Тут окно захлопнули, и Бенедикт не расслышал продолжения. В эту минуту он познал, что ярость может подсказать человеку самые безумные и кровожадные замыслы.

– О, гнусное насилие над священнейшими правами! – воскликнул он, – о, гнусная тирания мужчины над женщиной! Брак, общество, общественные институты, я ненавижу вас, ненавижу смертельно, а тебя, господь бог, тебя, творящая сила, бросающая нас на землю и тут же отступающаяся от нас, тебя, что отдает слабого в руки деспотизма, гнусности, – я проклинаю тебя! Довольный созданным, ты почиешь от трудов своих, равнодушный к его судьбам. Ты вкладываешь в нас разумную душу, и с твоего же соизволения несчастье губит ее! Будь же ты проклят, будь также проклято чрево, носившее меня!
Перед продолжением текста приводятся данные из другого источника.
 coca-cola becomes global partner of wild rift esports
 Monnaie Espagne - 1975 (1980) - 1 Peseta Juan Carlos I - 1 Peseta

С этими мыслями злосчастный юноша зарядил пистолеты, разодрал себе грудь ногтями и, уже не думая о том, что ему следует таиться, взволнованно зашагал вперед. Внезапно разум, или, вернее, некое просветление среди бреда озарило его. Есть средство спасти Валентину от этой гнусной, оскорбительной тирании, есть средство покарать эту бессердечную мать, которая холодно обрекает дочь на узаконенное посрамление, на худшее из посрамлений, какому можно подвергнуть женщину, – на насилие.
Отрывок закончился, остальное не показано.